Воин бредил три ночи. Он кричал среди моего глубокого сна и часто будил нас. Он звал кого то в своих бредовых галлюцинациях, приказывал и кричал. На четвертую ночь затих. Я думал, что он преставился, но дыхание у него выровнялось, стало спокойным. Днем он открыл глаза, огляделся по сторонам и спросил меня слабым голосом:
— Где это я?
— Ты находишься у кузницы Гаврилы Умельца, я его сын. Николкой меня зовут. Наш хутор сожгли татары, всех убили. Мы с отцом из всего хутора только и остались.
— Где отец?
— Он ушел на охоту, а мне велел быть подле тебя.
— Где мой меч, лук, кольчуга? — простонал он, пытаясь встать. — Подай мне их, я хочу…, — он не договорил, и повалился на шкуры, страшно бледнея на глазах. Я, было, подумал, что он умер. Но его прерывистое дыхание, говорило мне обратное. Я принес ключевой воды в кувшине из родника, что неподалеку. Попытался напоить раненного. Воин жадно пил, затем снова впал в беспамятство. Так и лежал, не приходя в сознание,
Отец пришел под вечер. Он появился в хижине с теленком оленя на плечах и с грохотом сбросил тушку на земляной пол.
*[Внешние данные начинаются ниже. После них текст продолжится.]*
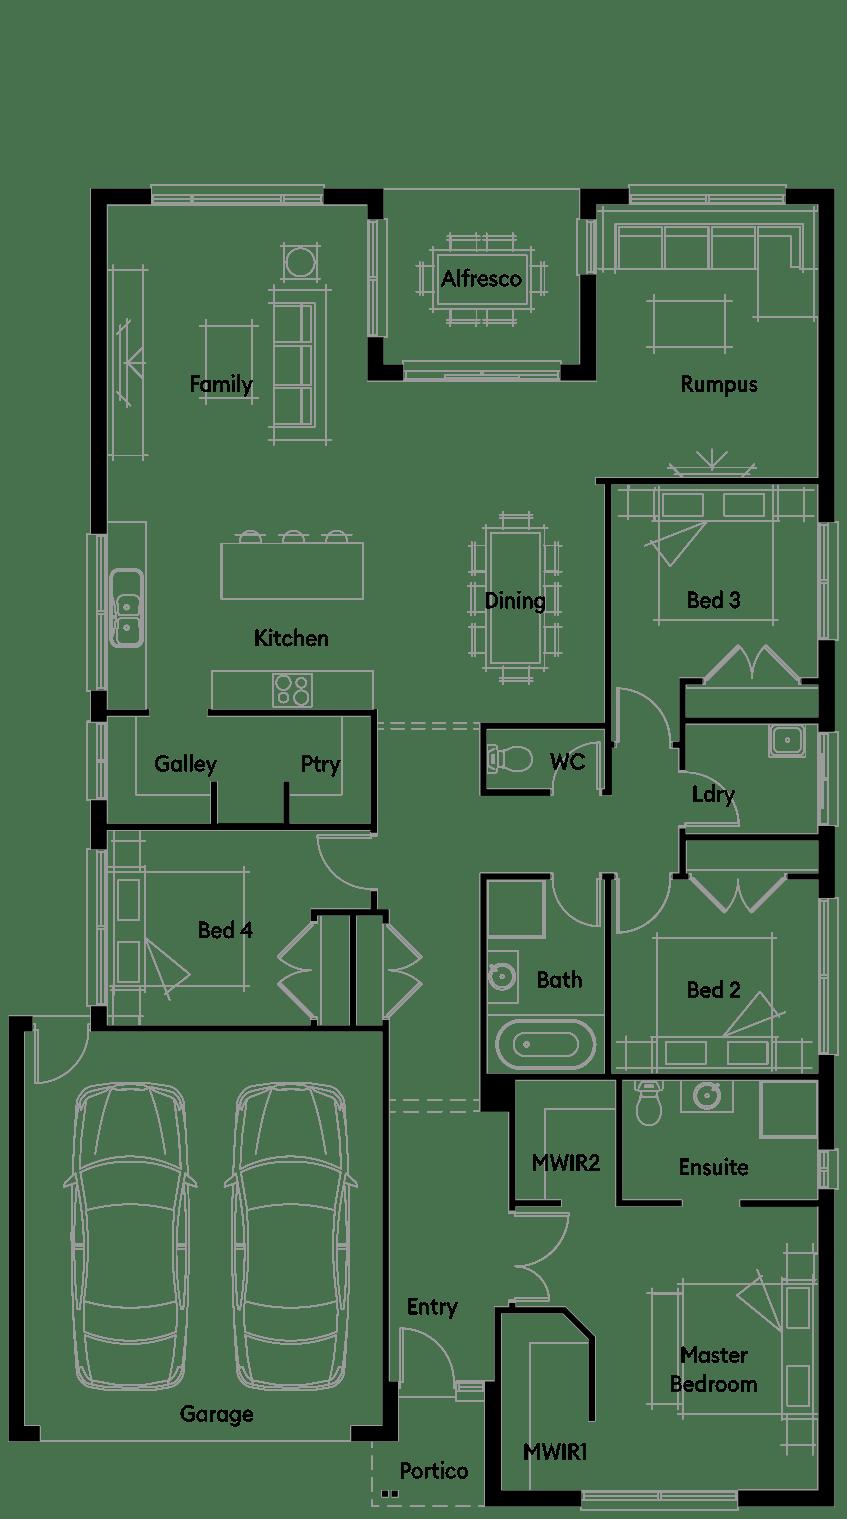 FloorPlan1_HOUSE761_Liverpool_25-1

— Давай, Николка, разжигай печку, будем жарить мясо. А я пока разделаю теленка. Печенку вот надо раненному дружиннику, печенка хорошо укрепляет силы. — Отец еще что-то говорил, но я был уже на дворе и вернулся в хижину с охапкой сосновых дров. А отец разделывал тушку и снимал шкурку острым ножом. Кивнув в сторону больного, спросил:
— Что с ним? — я рассказал все.
— Завтра попробую поговорить. — Ответил отец.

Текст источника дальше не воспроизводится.